Why is regex so slow?

Tue Jun 18 16:05:25 EDT 2013

Roy Smith <roy <at> panix.com> writes:
> 
> Every line which contains 'ENQ' also matches the full regex (61425
> lines match, out of 2.1 million total).  I don't understand why the
> first way is so much slower.

One invokes a fast special-purpose substring searching routine (the
str.__contains__ operator), the other a generic matching engine able to
process complex patterns. It's hardly a surprise for the specialized routine
to be faster. That's like saying "I don't understand why my CPU is slower
than my GPU at calculating 3D structures".

That said, there may be ways to improve the regex engine to deal with such
special cases in a speedier way.
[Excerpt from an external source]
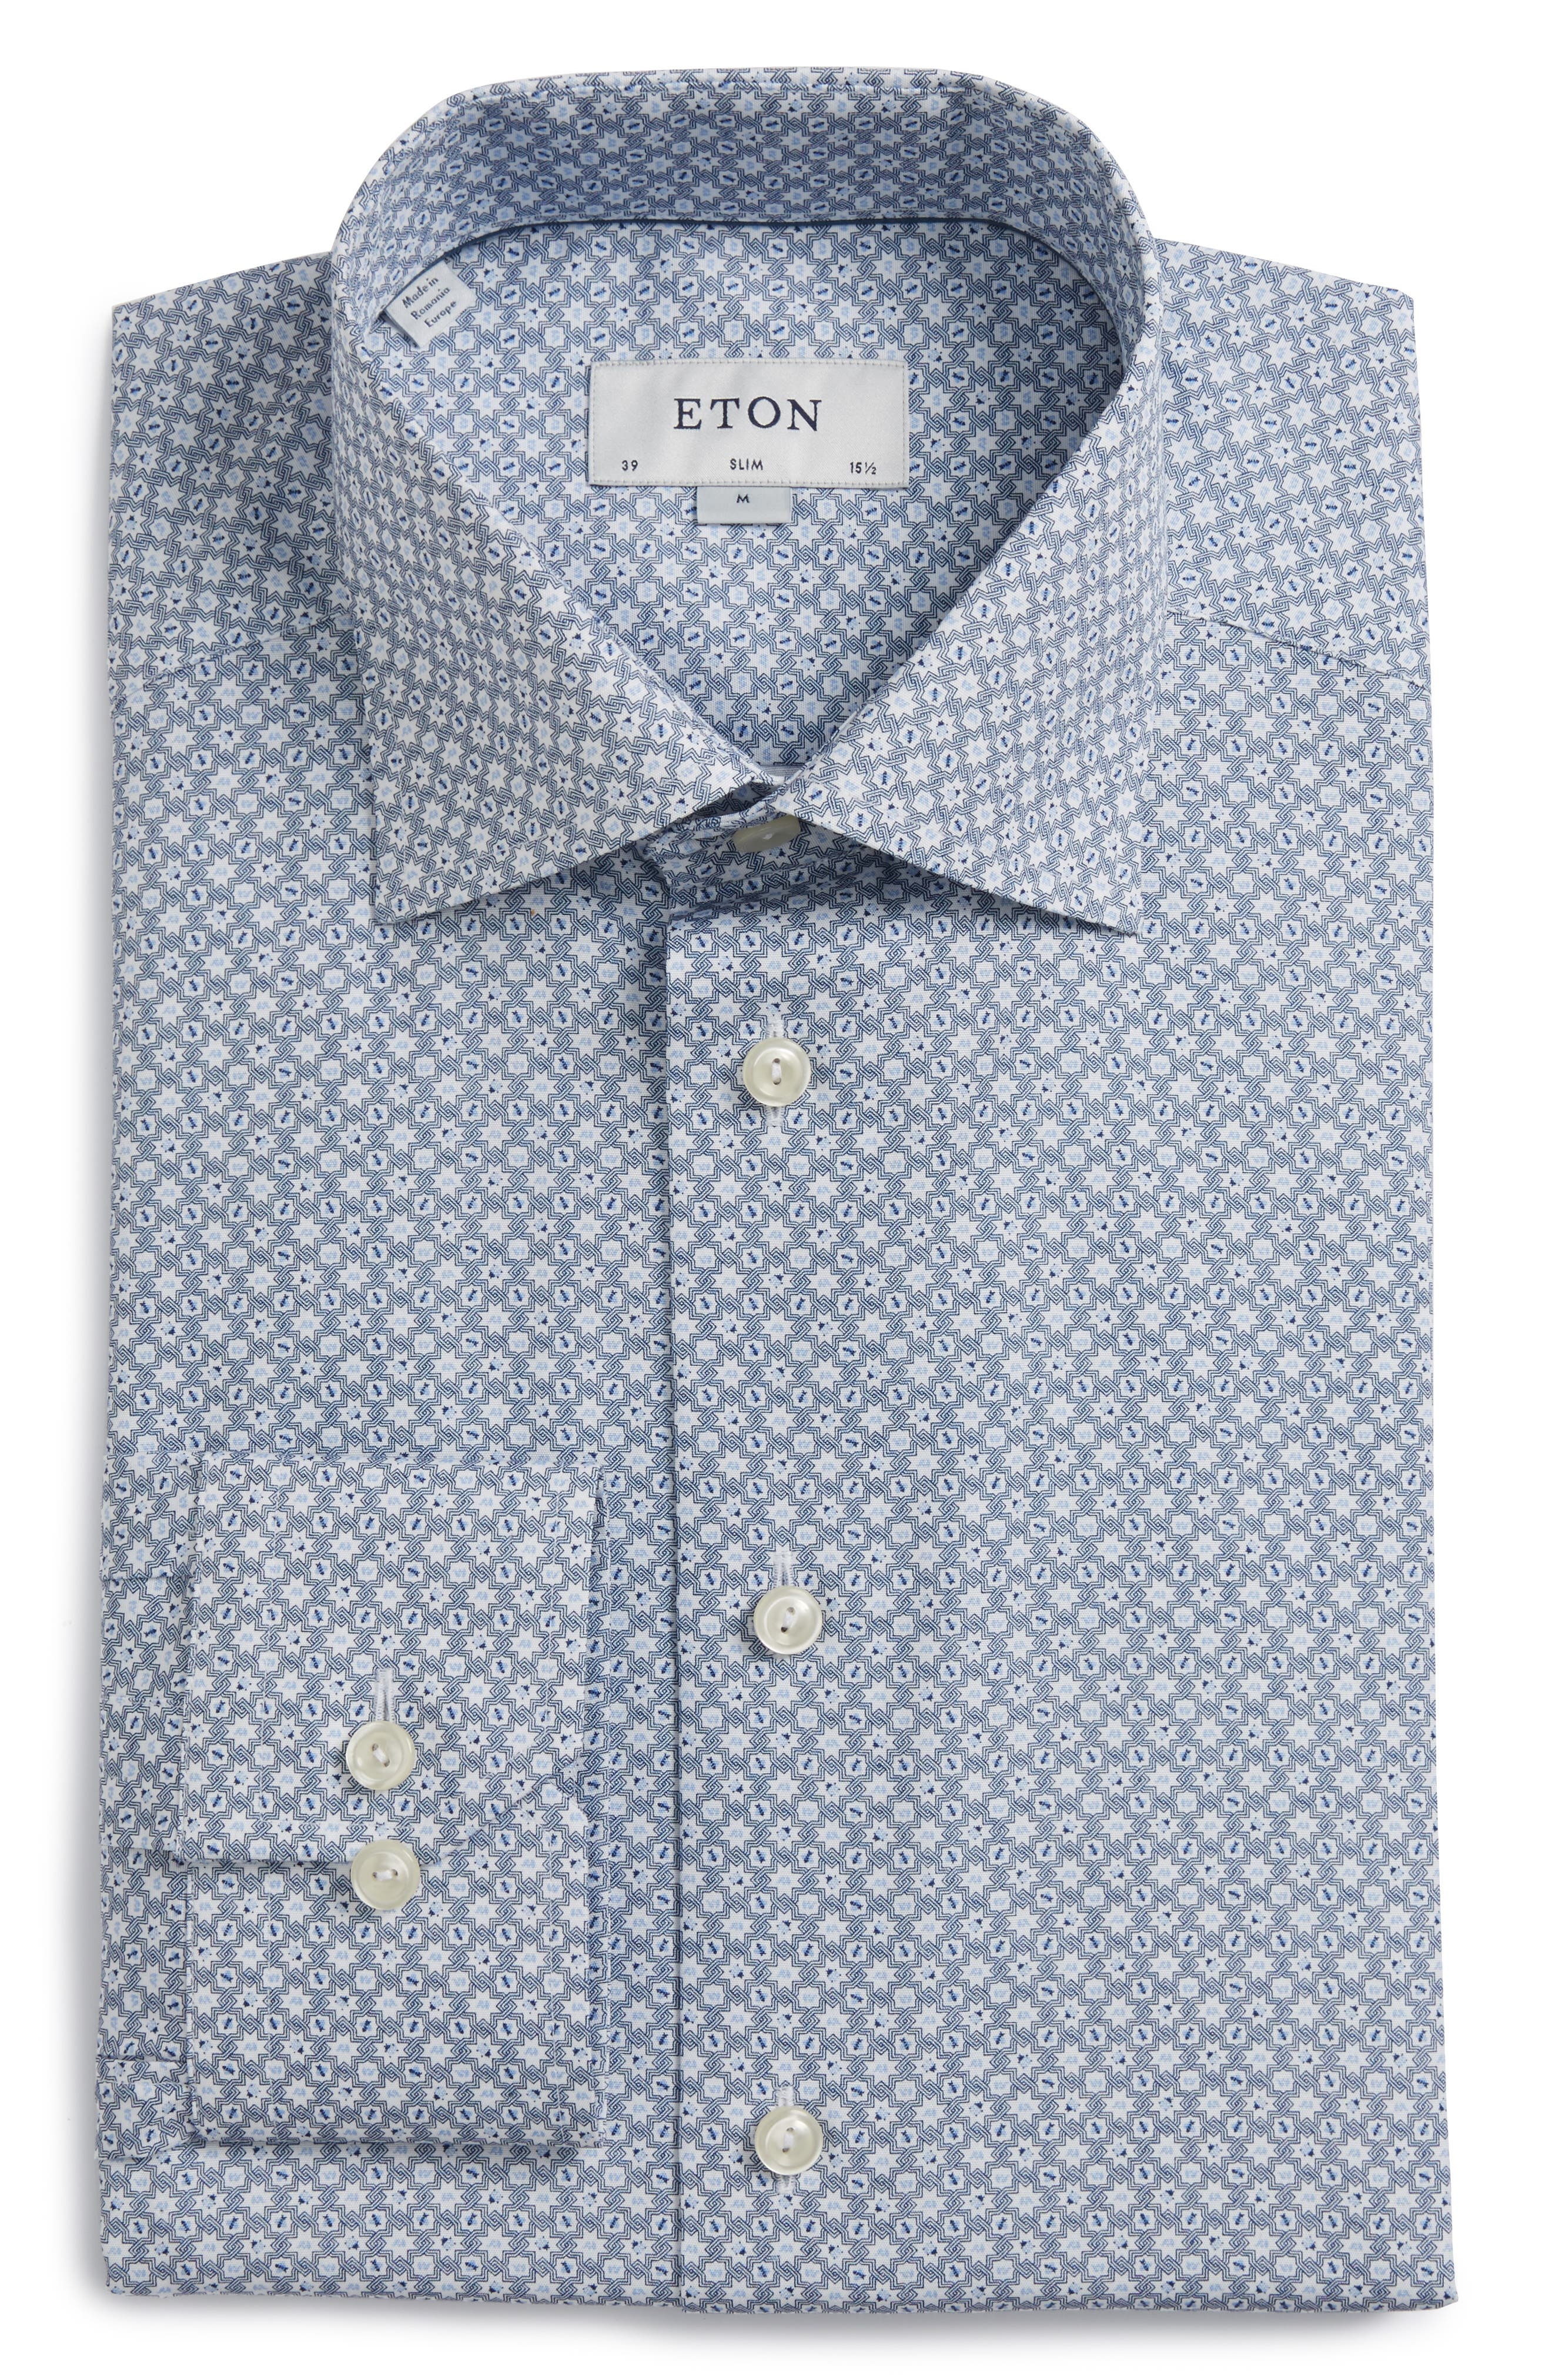 Alternate Image 1 Selected - Eton Slim Fit Print Dress Shirt
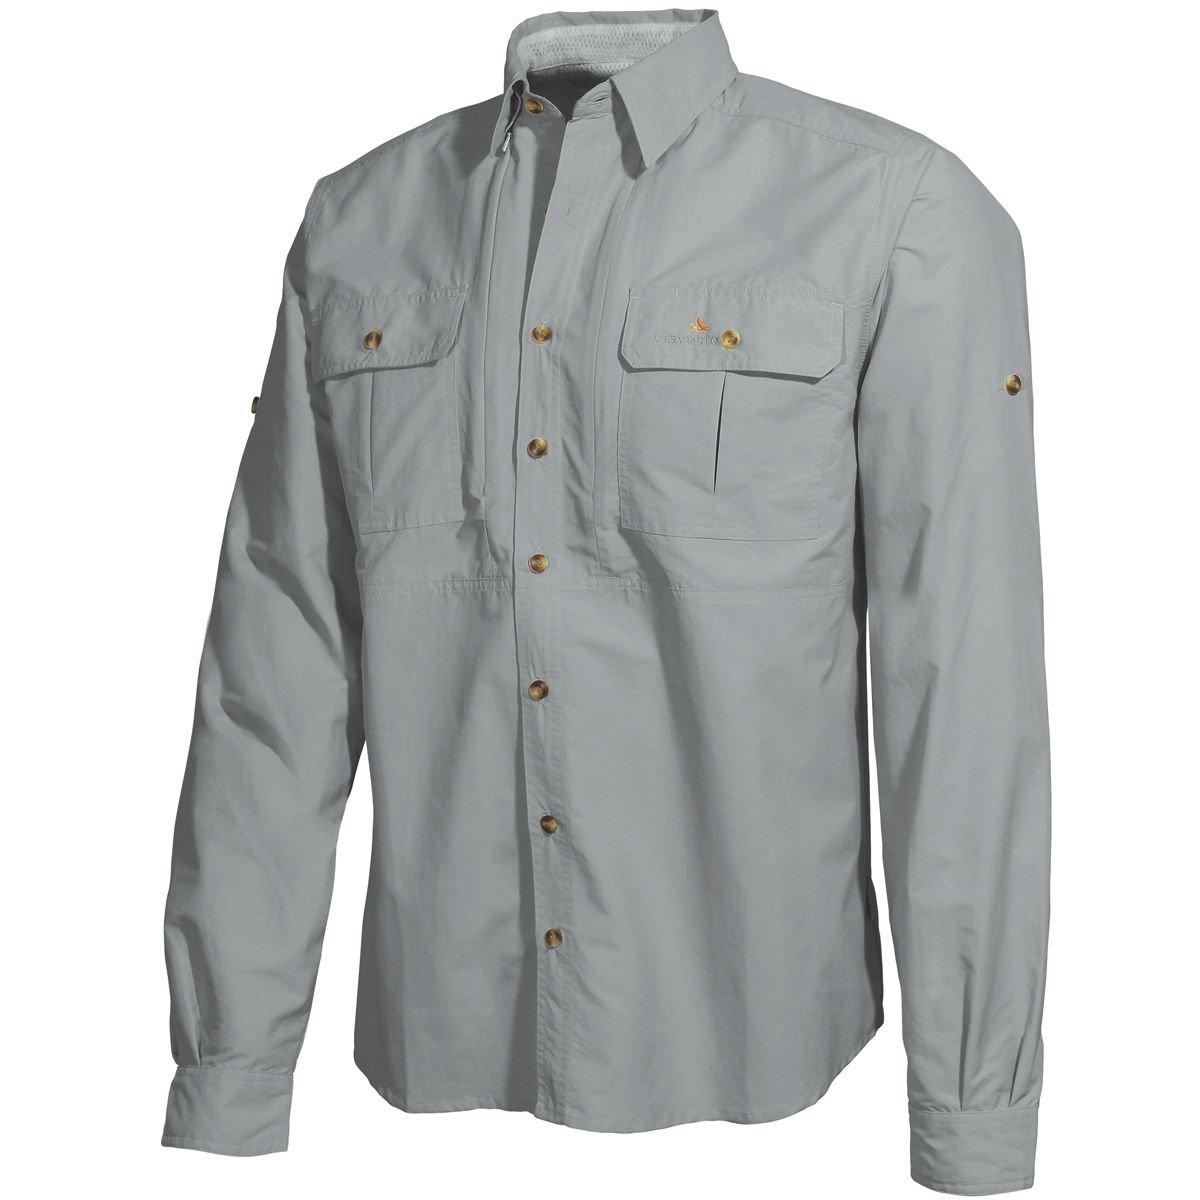 ViaVesto Senhor Eanes Shirt Shirt Shirt Men - Outdoorhemd B01K9LMHNW Freizeit Attraktive Mode 021780

But there will still be some overhead related
to the fact that you are invoking a powerful generic engine rather than a
lean and mean specialized routine.

(to be fair, on CPython there's also the fact that operators are faster
than method calls, so some overhead is added by that too)

> Once the regex is compiled, you should have a state machine pattern
> matcher.  It should be O(n) in the length of the input to figure out
> that it doesn't match as far as "ENQ".  And that's exactly how long it
> should take for "if 'ENQ' not in line" to run as well.

You should read again on the O(...) notation. It's an asymptotic complexity,
it tells you nothing about the exact function values at different data points.
So you can have two O(n) routines, one of which always twice faster than the
other.

Regards

Antoine.